The Slave Master of Trinidad: William Hardin Burnley and the Nineteenth-Century Atlantic World by Selwyn R. Cudjoe will be published this fall (November 2018) by University of Massachusetts Press. Henry Louis Gates Jr. (Alphonse Fletcher University Professor, Harvard University) writes: “His beautifully written and meticulously researched account of Burnley’s life unfolds the story of a planter who was born in America, educated in England, and made his fortune in the Caribbean. Measured in tone, this book not only exposes Burnley’s public and private racism, but also places his life in context of the greater historical currents of the first half of the 19th century Atlantic world. Cudjoe has written a volume essential to a full understanding of the history of Trinidad.”

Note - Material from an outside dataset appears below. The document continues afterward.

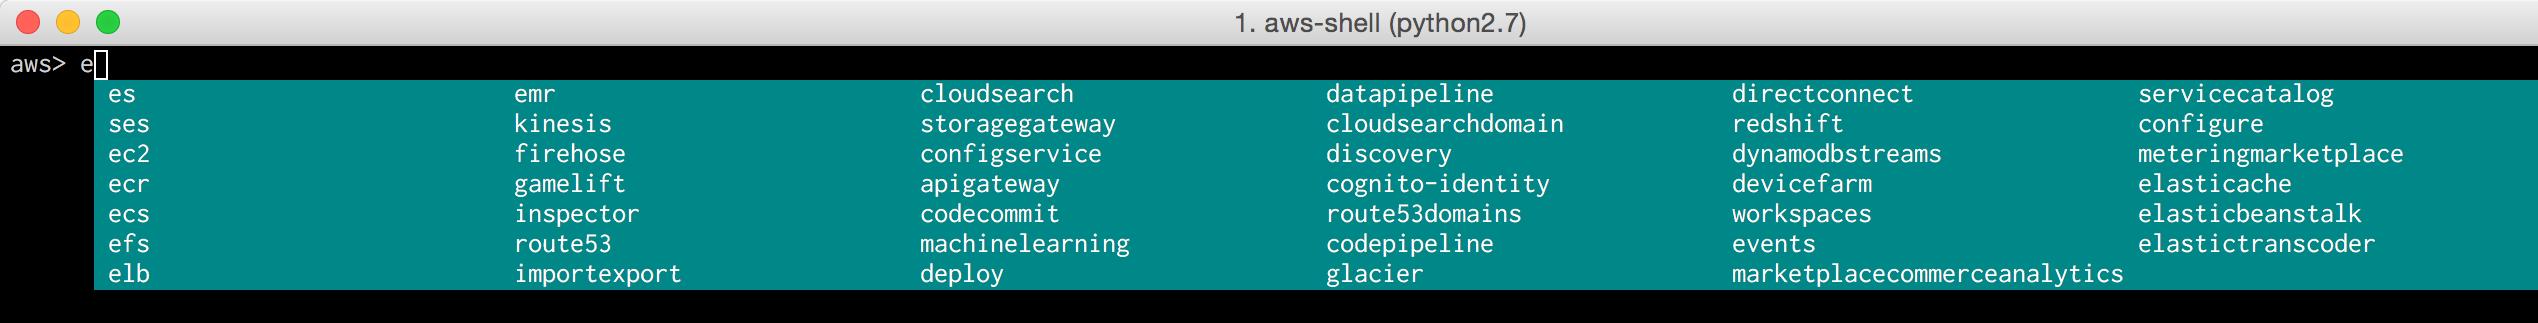 1__aws-shell__python2_7_ 8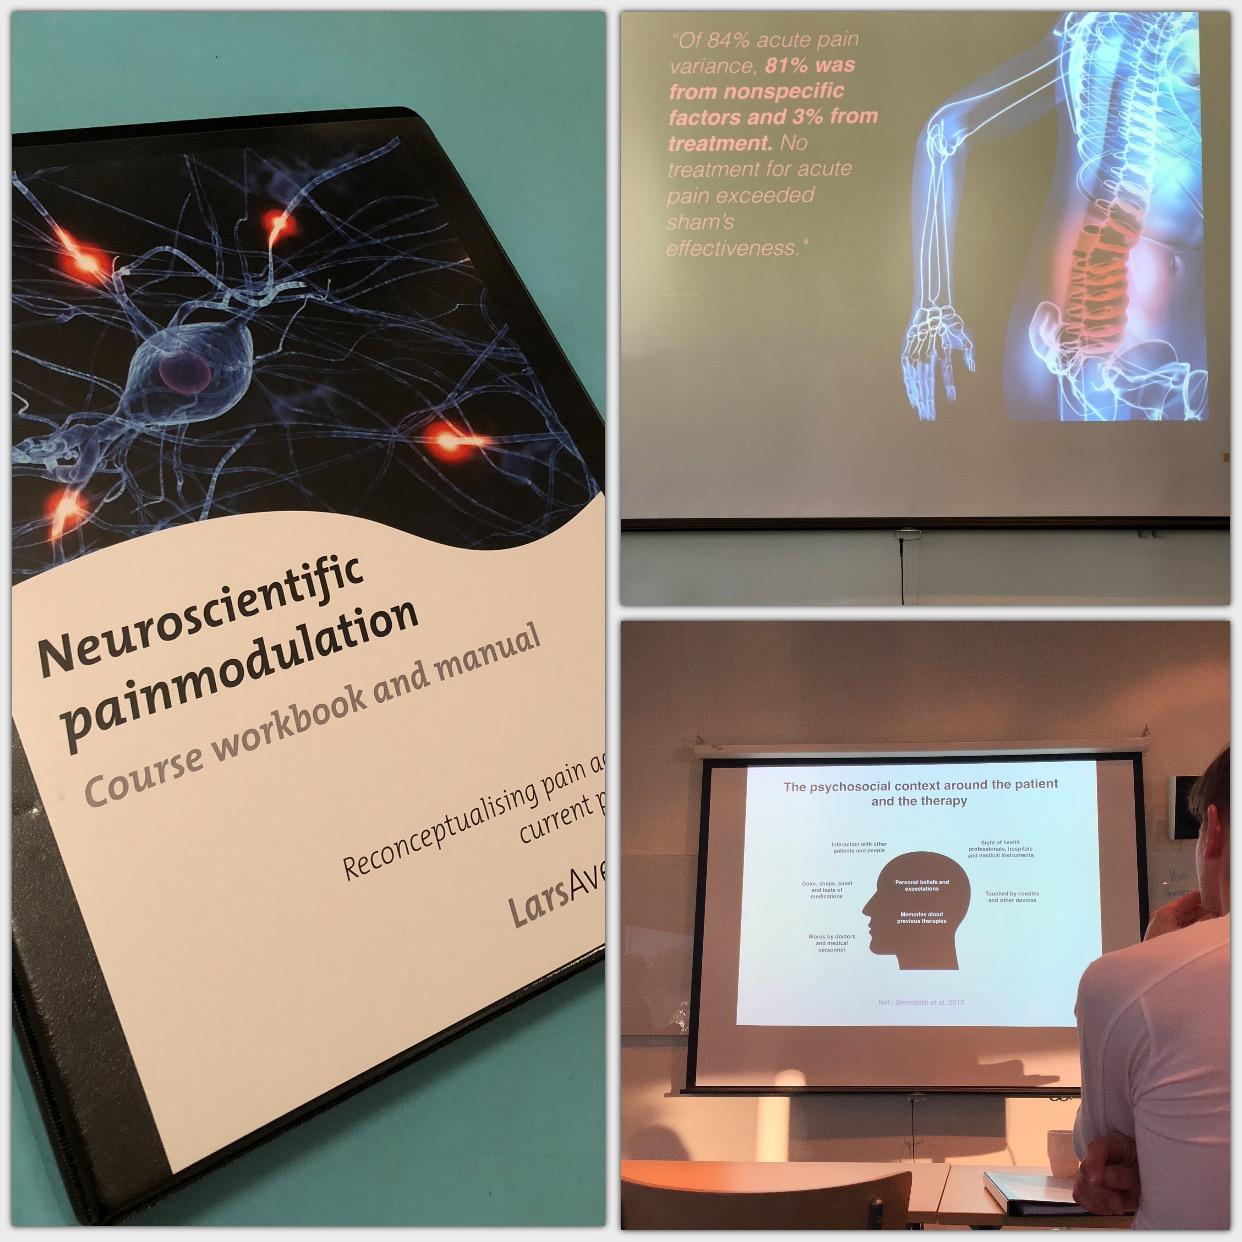 Vår personliga tränare Patrick Rapp var med på utbildningen Neuroscientific painmodulation i Göteborg

Description: William Hardin Burnley (1780–1850) was the largest slave owner in Trinidad during the nineteenth century. Born in the United States to English parents, he settled on the island in 1802 and became one of its most influential citizens and a prominent agent of the British Empire. A central figure among elite and moneyed transnational slave owners, Burnley moved easily through the Atlantic world of the Caribbean, the United States, Great Britain, and Europe, and counted among his friends Alexis de Tocqueville, British politician Joseph Hume, and prime minister William Gladstone.
In this first full-length biography of Burnley, Selwyn R. Cudjoe chronicles the life of Trinidad’s “founding father” and sketches the social and cultural milieu in which he lived. Reexamining the decades of transition from slavery to freedom through the lens of Burnley’s life, The Slave Master of Trinidad demonstrates that the legacies of slavery persisted in the new post-emancipation society.
Selwyn R. Cudjoe is professor of Africana studies at Wellesley College and author of V. S. Naipaul: A Materialist Reading.